Source data are provided as a Source Data file.
aIn order to enable comparisons between conjugation and the other modes of horizontal gene transfer, transfer frequency of phage-mediated DNA transfer was analysed as transfer events (TE) per bacterial donor cell at the time of prophage induction: TE per donor cell = Transductant Units (TrU) per ml/1.0 × 108 CFU per ml. TrU per ml data was obtained from the sources indicated. Lysogens were induced at OD600 0.2, which is equivalent to 1.0 × 108 CFU per ml in the donor population.

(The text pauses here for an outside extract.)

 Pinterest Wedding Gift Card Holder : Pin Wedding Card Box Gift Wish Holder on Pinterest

bCargo capacity rate = Number of accessory ORFs utilisable by the host cell (e.g., virulence factors, AMR genes and HPs)/total ORFs contained within the mobilised DNA sequence. Bracketed values indicate the number of accessories ORFs/total ORFs for each element where sequence data was available for analysis. Phage P22 is proposed to carry five ORFs with lysogenic conversion effects: sieAB and gtrABC.

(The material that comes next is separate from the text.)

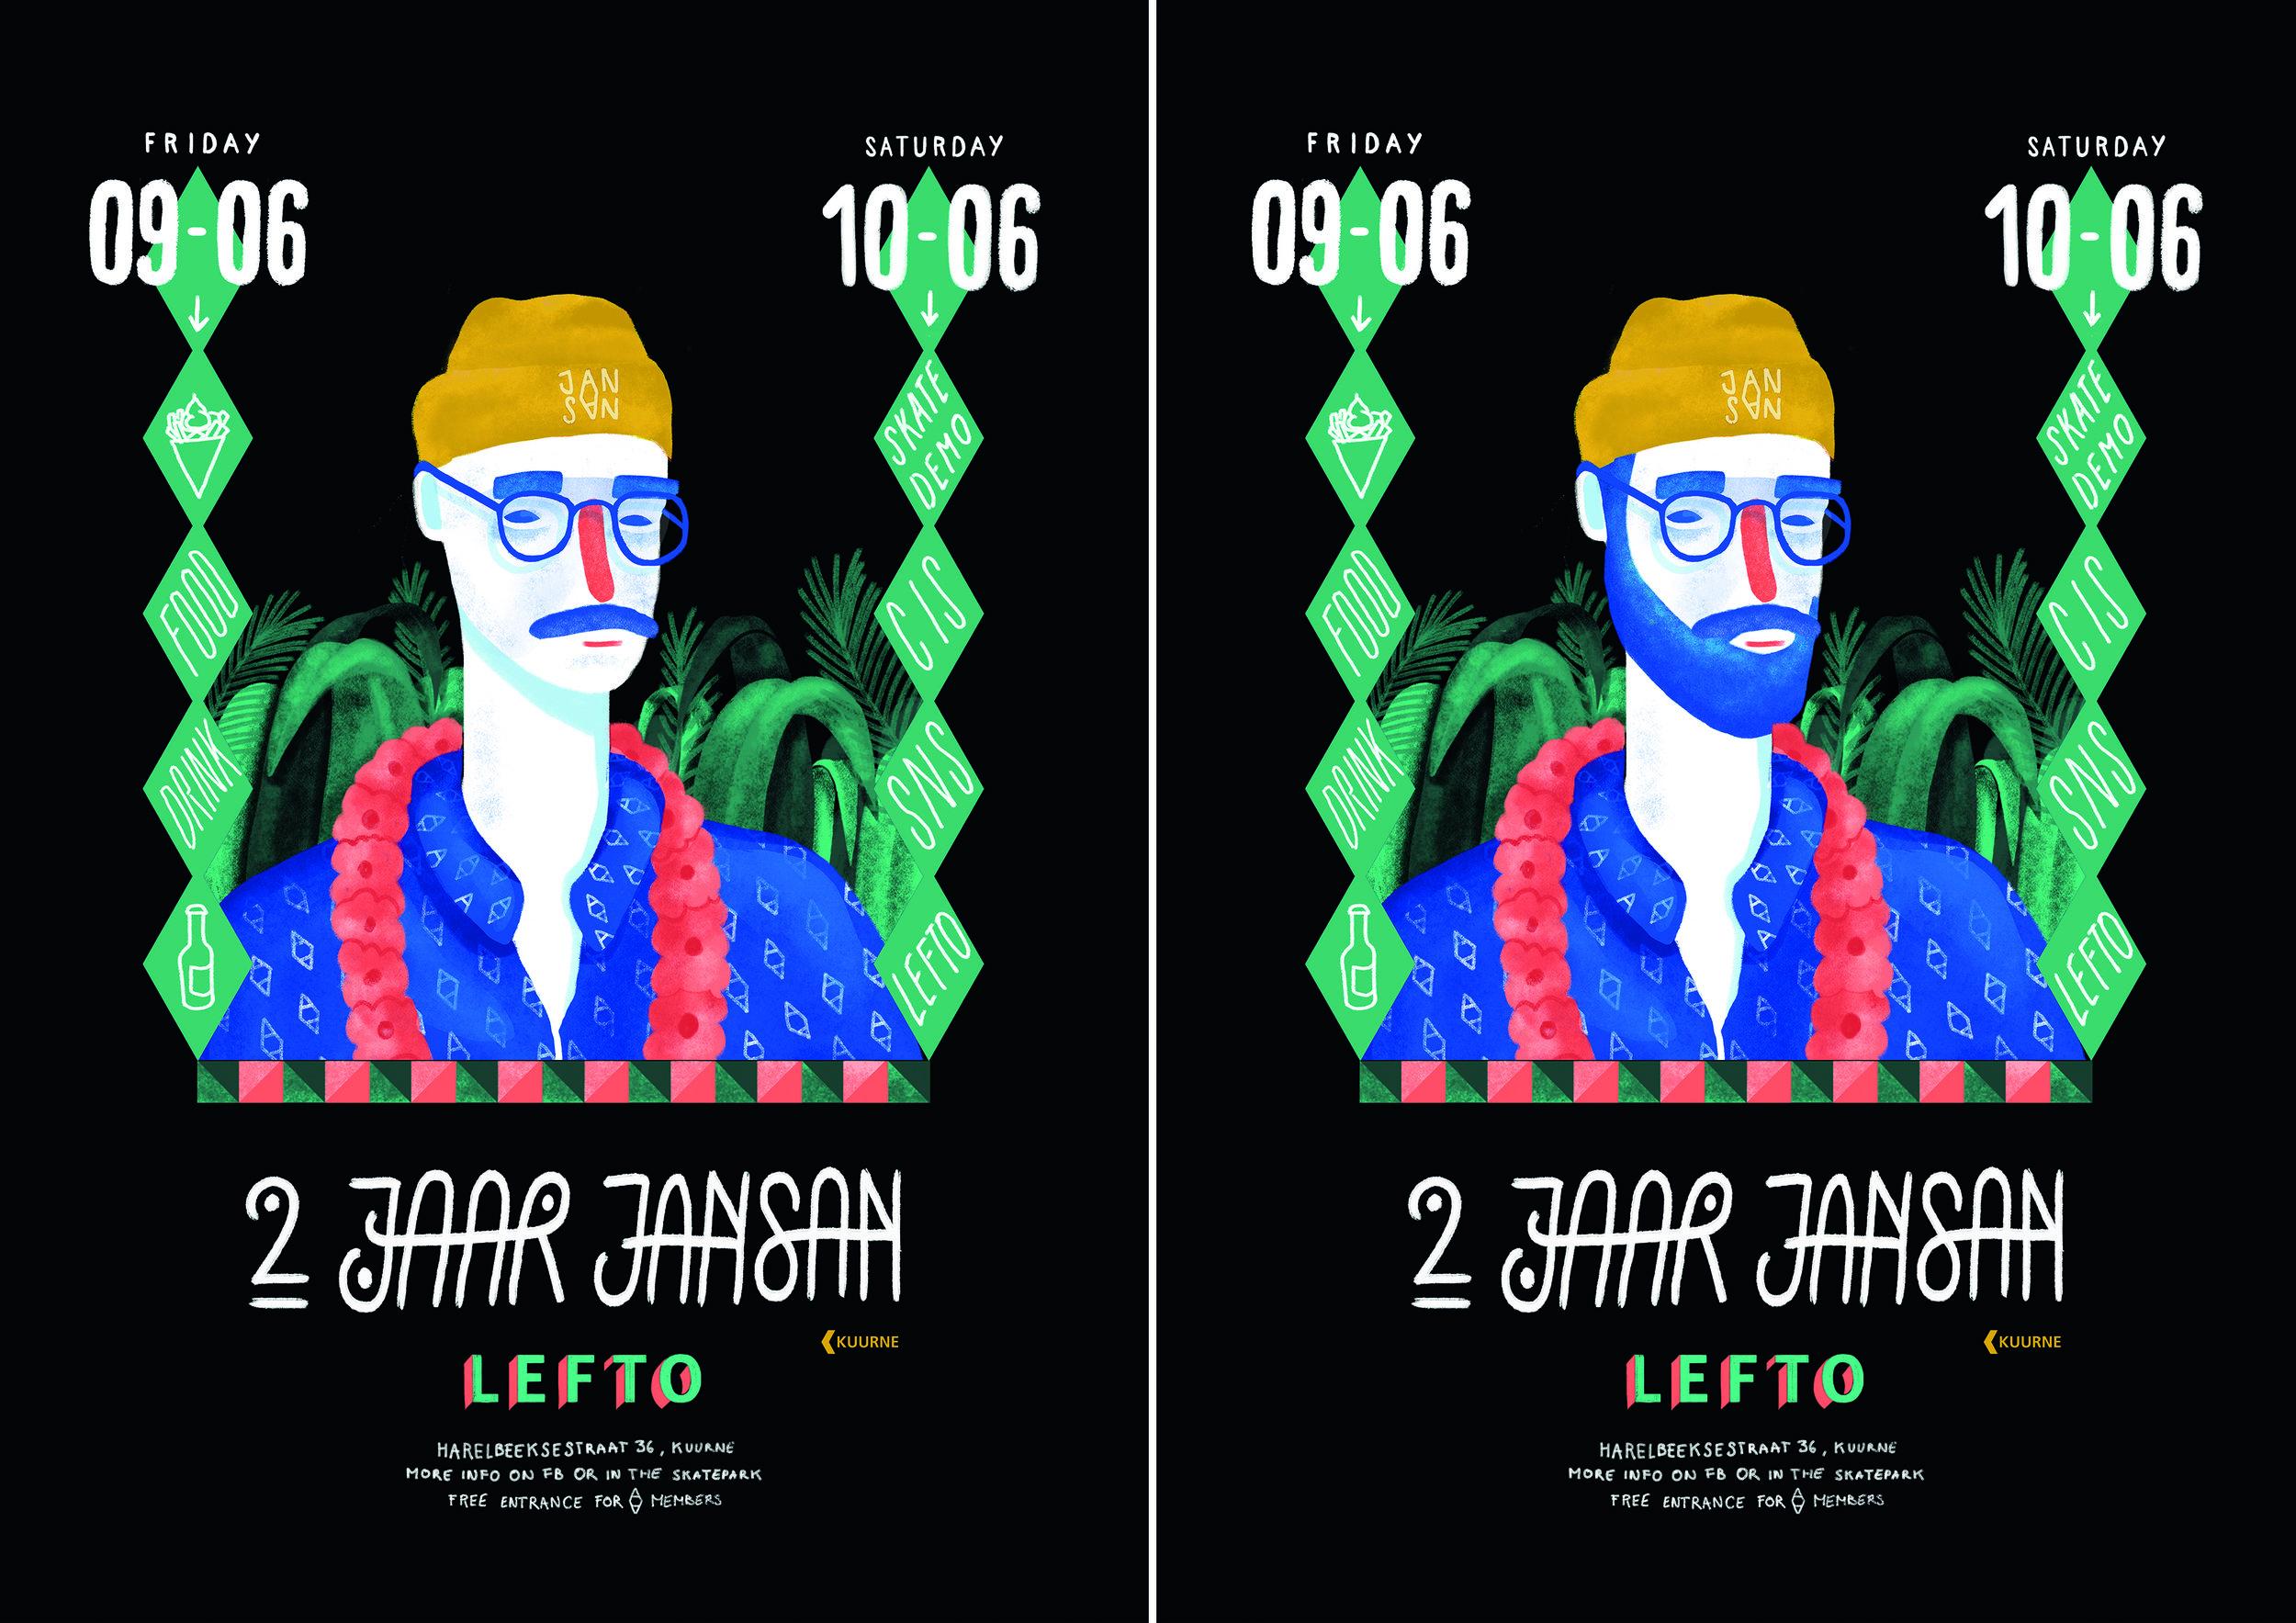 2 jaar jansan | Affiche A3 met baard en snor.jpg

cRelative frequency of genetic mobility = transfer frequency × cargo capacity rate.
dHF, phage headful (43.8 kb); numbers denote the distance of each tetracycline-resistance marker from the phage chromosomal attachment site in terms of headful units in the direction of phage packaging.

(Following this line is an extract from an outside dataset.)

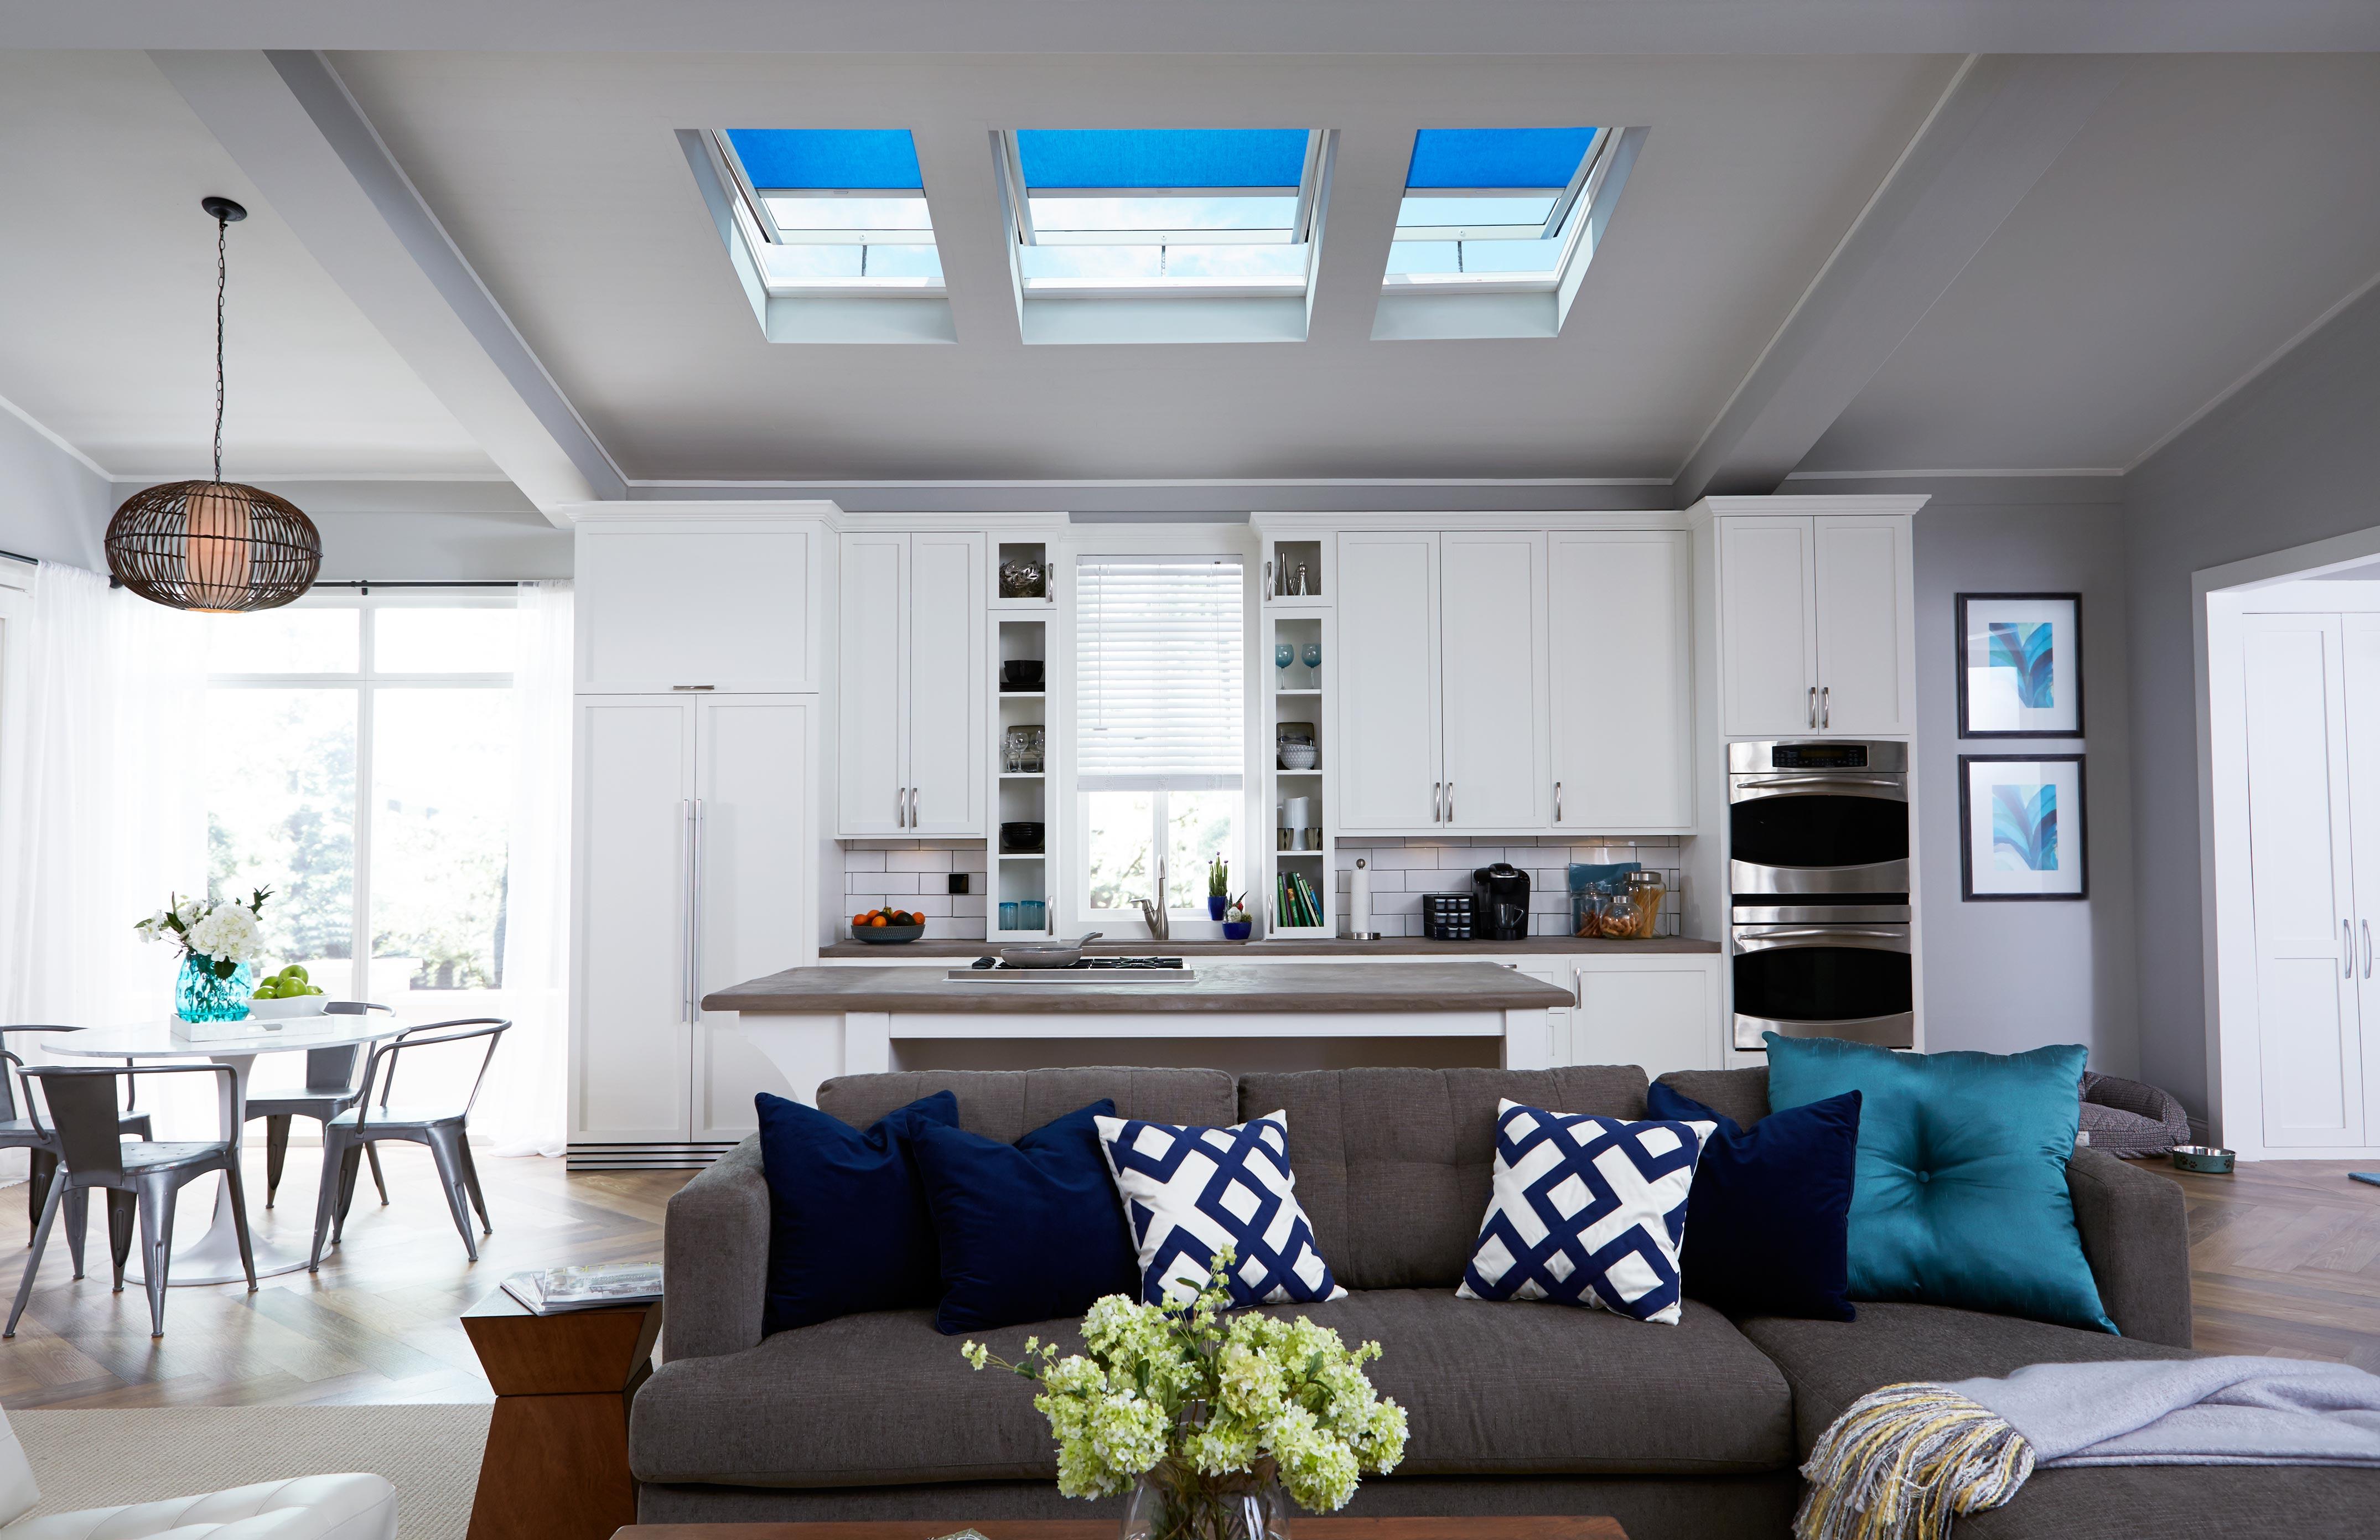 Velux news release blinds energy efficiency for Skylight home

eEstimation of ORFs packaged in HF1 during generalised transduction if packaging terminates in the same location as for HF1 during lateral transduction. No phage genes are expected to be transduced during generalised transduction of the DNA sequence containing the tetracycline-resistance marker, so 100% of the transferred sequence is available for recombination and utilisation by the recipient cell.
fThe total number of accessory ORFs utilisable by the recipient host cell is only a proportion of the total sequence transferred by HF1 because part of the phage genome is also packaged in the first headful during lateral transduction.